A precursor to becoming the first woman to join the National Guard, Parsons flew closer to the front lines to evacuate injured men than any other woman while serving in Korea; was the only American nurse to escort the first men returned from North Korea in a 1952 prisoner exchange; and became one of the few women to be awarded the Air Medal.

Norma Parsons enters National Guard

Big changes were ahead for the reserve components. Provisions of the Armed Forces Reserve Act of 1952 allowed women to join the Army and Air Force reserves; in 1955, the National Guard Bureau started letting female augmentees work in hospital units.
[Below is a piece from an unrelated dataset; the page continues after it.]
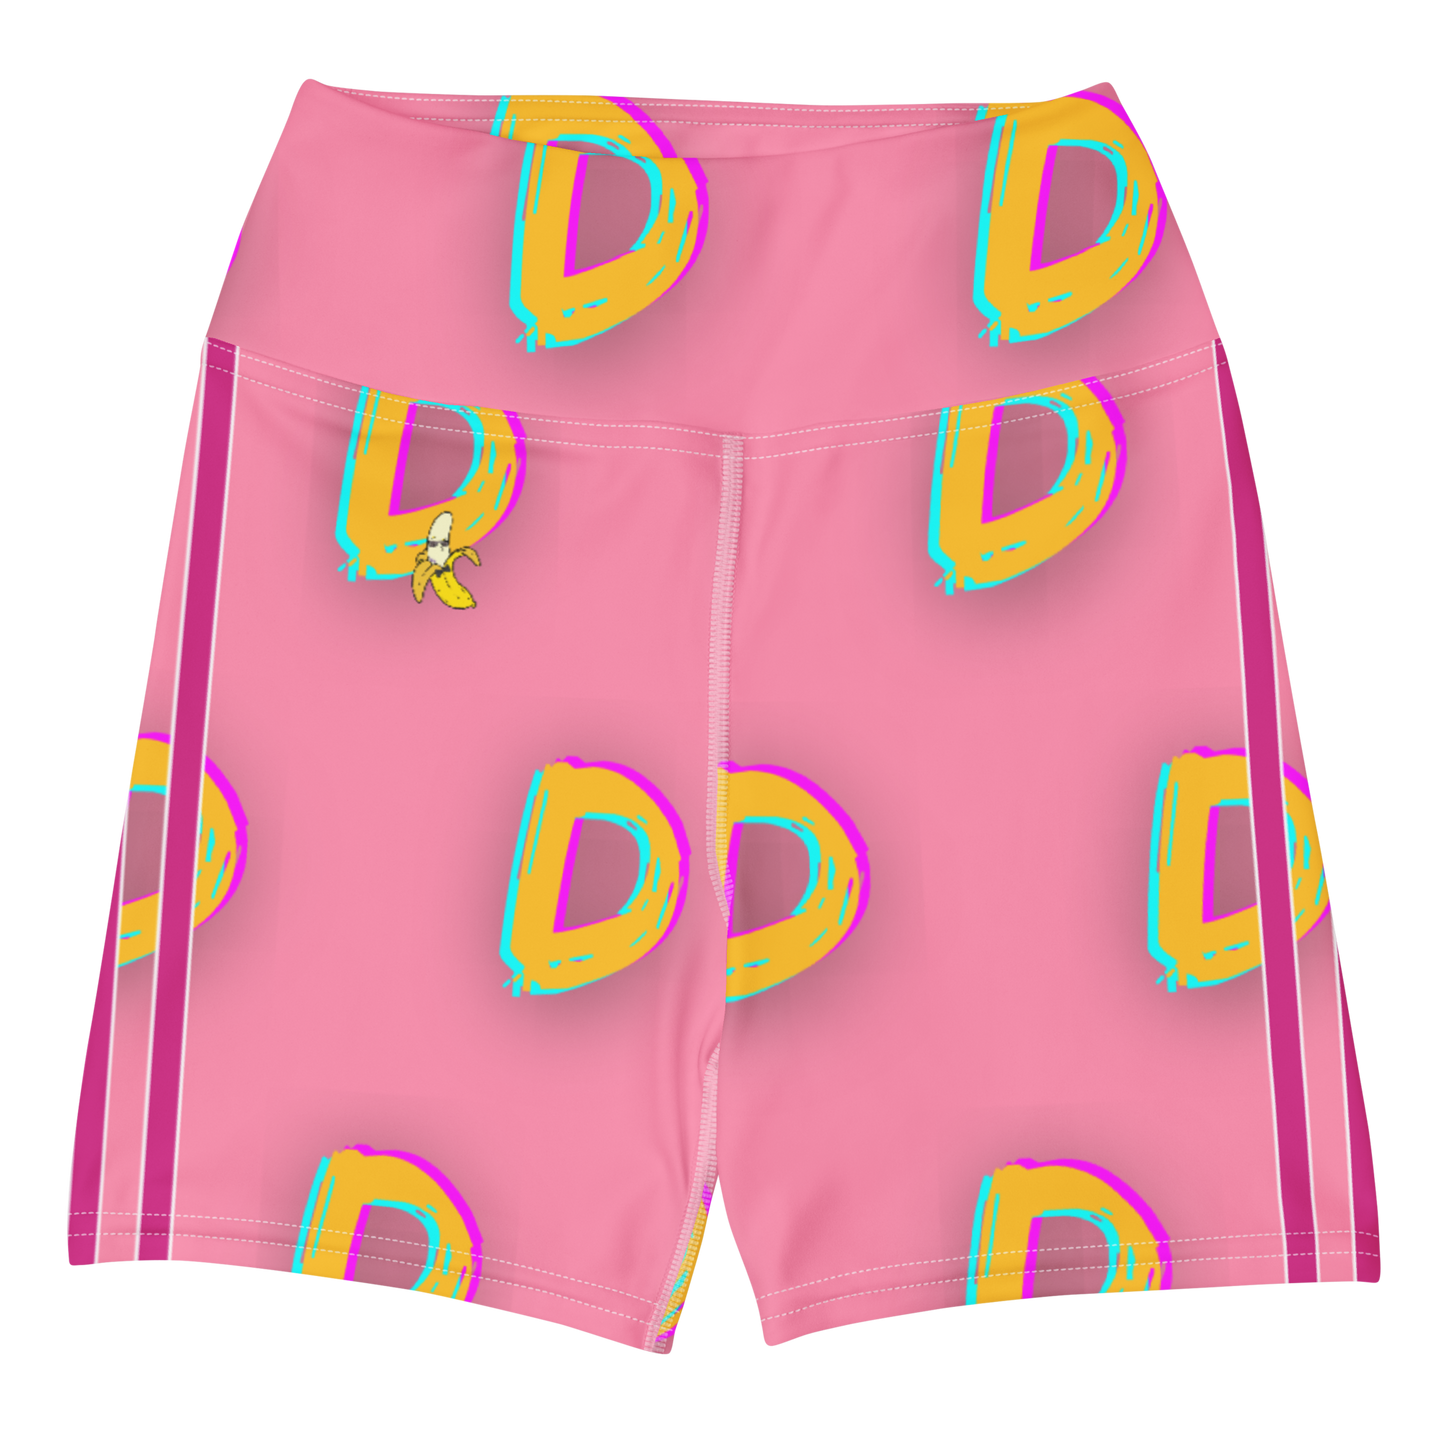 DDDDDDD Yoga Shorts

But if a Guard unit was mobilized, the nurses would go back to their reserve unit, according to Michael Dale Doubler’s “The National Guard and Reserve: A Reference Handbook.” Public Law 845, enacted in July 1956, authorized female officers to join the National Guard. 

Parsons had returned to reserve status after Korea, and resumed her civilian nursing career. She was attached to the New York National Guard’s 106th Tactical Hospital until Sept. 14, 1956, when she left the reserve and officially became the first woman in the National Guard.

Over the next 12 years, Parsons kept innovating. As the only nurse formally in the 106th, she took the title chief nurse, was promoted to major, and went on recruiting trips to nurse training schools. When there was lag time between when nurses joined the unit and when they could go to flight school, she created a training program. 

By the mid-1980s, when Jenny Williamson-Duca joined the Delaware Air National Guard, quite a bit had changed. Women were allowed to enlist without prior service starting after the Vietnam War. She served as a medical technician, so she was one of the people carrying boxes of supplies, but in a flight suit instead of a dress.

“It seemed like everyone was the same,” said Williamson-Duca, who served from 1984 to 1991, making technical sergeant before getting out after the Gulf War. “I’d love to know how things are now,” she said.